While the discussion was deeply profound and intellectual, there was a sense of warmth and familiarity that pervaded the rigid structure of the dry Zoom conference boxes— perhaps entirely on account of the close relationship that the two speakers shared. As they reveal, while discussing Bahrani’s cinematic influences in creating the White Tiger— a big one was Indian filmmaker, Satyajit Ray—Professor Dabashi taught Bahrani while he was an undergraduate at Columbia College, and the two frequented screenings of Ray’s films together while they were being held in New York City. They remain colleagues (Bahrani is an associate professor of film in the Columbia School of Arts), close friends— and maintain a mentor-mentee relationship to the extent that Professor Dabashi reads and reviews all of Bahrani’s first drafts and watches all of his final cuts. In this way, Professor Dabashi’s familiarity with Bahrani’s work and process allows the audience to hear two immediate perspectives into Bahrani’s interpretation of The White Tiger— and the casual nature of the conversation further does justice to the easygoing tone of The White Tiger, itself.
One of the salient features of the White Tiger novel was the manner in which it effectively destabilizes the West, and centres around experiences in the world of the “yellow man and the brown man”. The entire novel was written in the form of seven letters from Balram to the Chinese Premier (at the time), Wen Jiabao. Bahrani says that he found that structural premise to be very interesting and of the decision to keep the trope in the movie he says: “When else am I going to get to make a movie where the main character is writing letters to Wen Jiabao?” In the movie’s production too, he made the active choice of only bringing four crew members from outside of India, whilst recruiting the rest of his crew while on location. The entire movie was filmed in India, with several scenes featuring non-actors so as to retain the most heightened degree of verisimilitude.

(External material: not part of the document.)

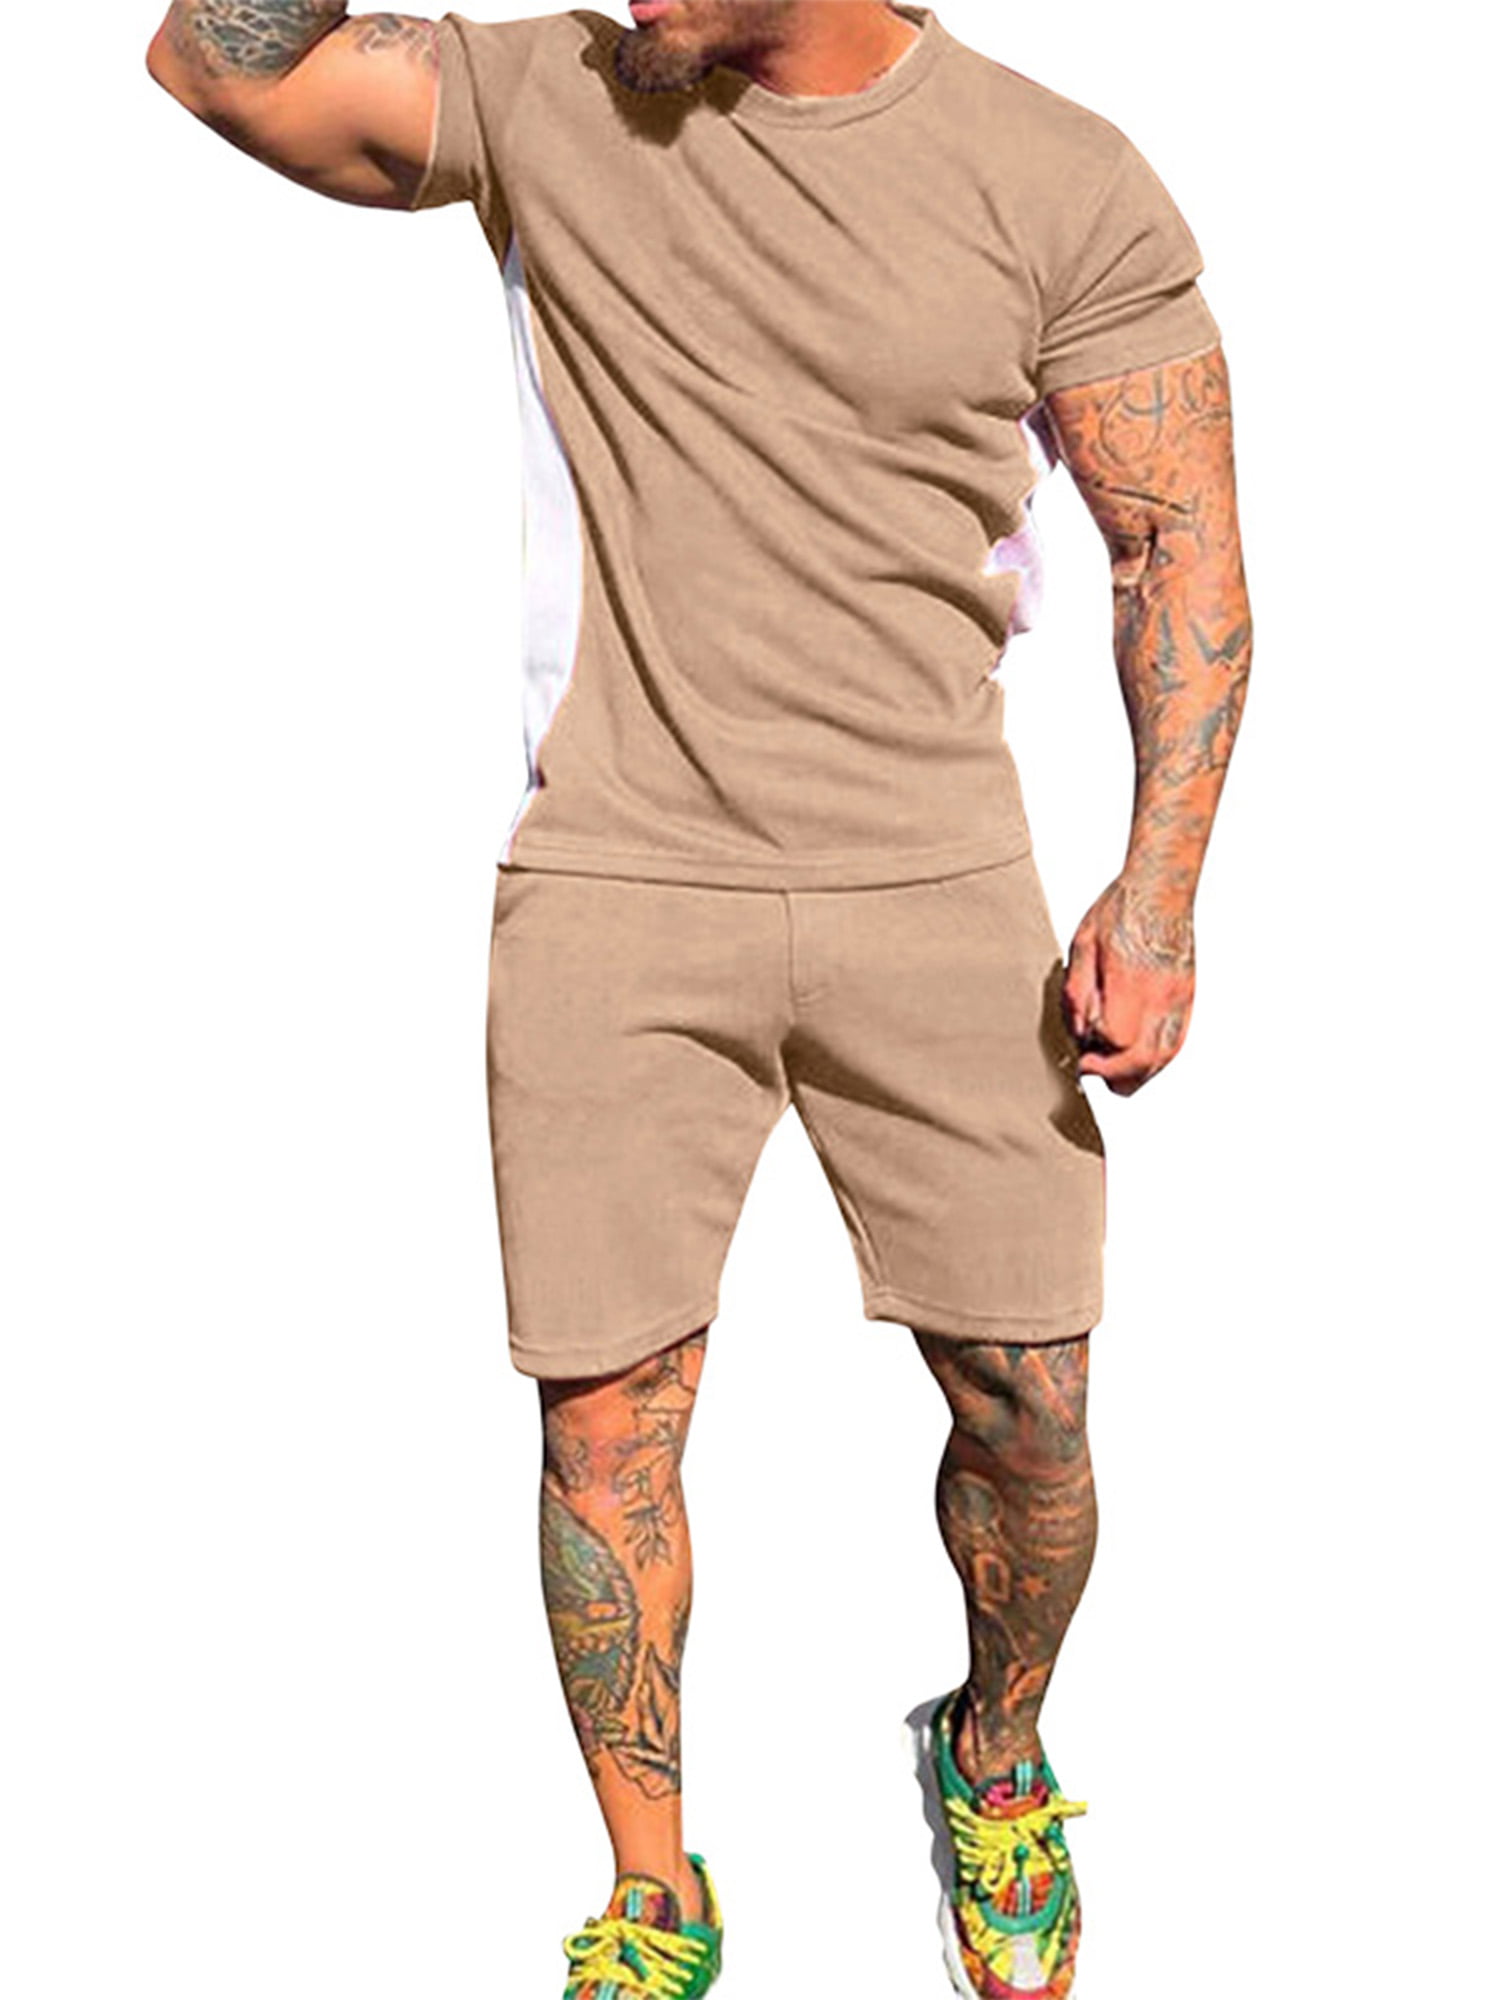 Men Athletic Tracksuit Short Sleeve Shirt Shorts Set 2 Piece Outfits Sportswear

By the end of the conversation I found myself wildly excited to log right back onto my Netflix account and rewatch Bahrani’s White Tiger all over again— despite the looming prospect of my midterms starting the very next day. Professor Dabashi’s conversation with Director Bahrani was an invigorating take on the White Tiger universe. For audience members, the conversation shaped a brilliant interpretation of the popular film while also, allowing them in some capacity— to marvel at the thoughtfulness behind Bahrani’s directorial prowess.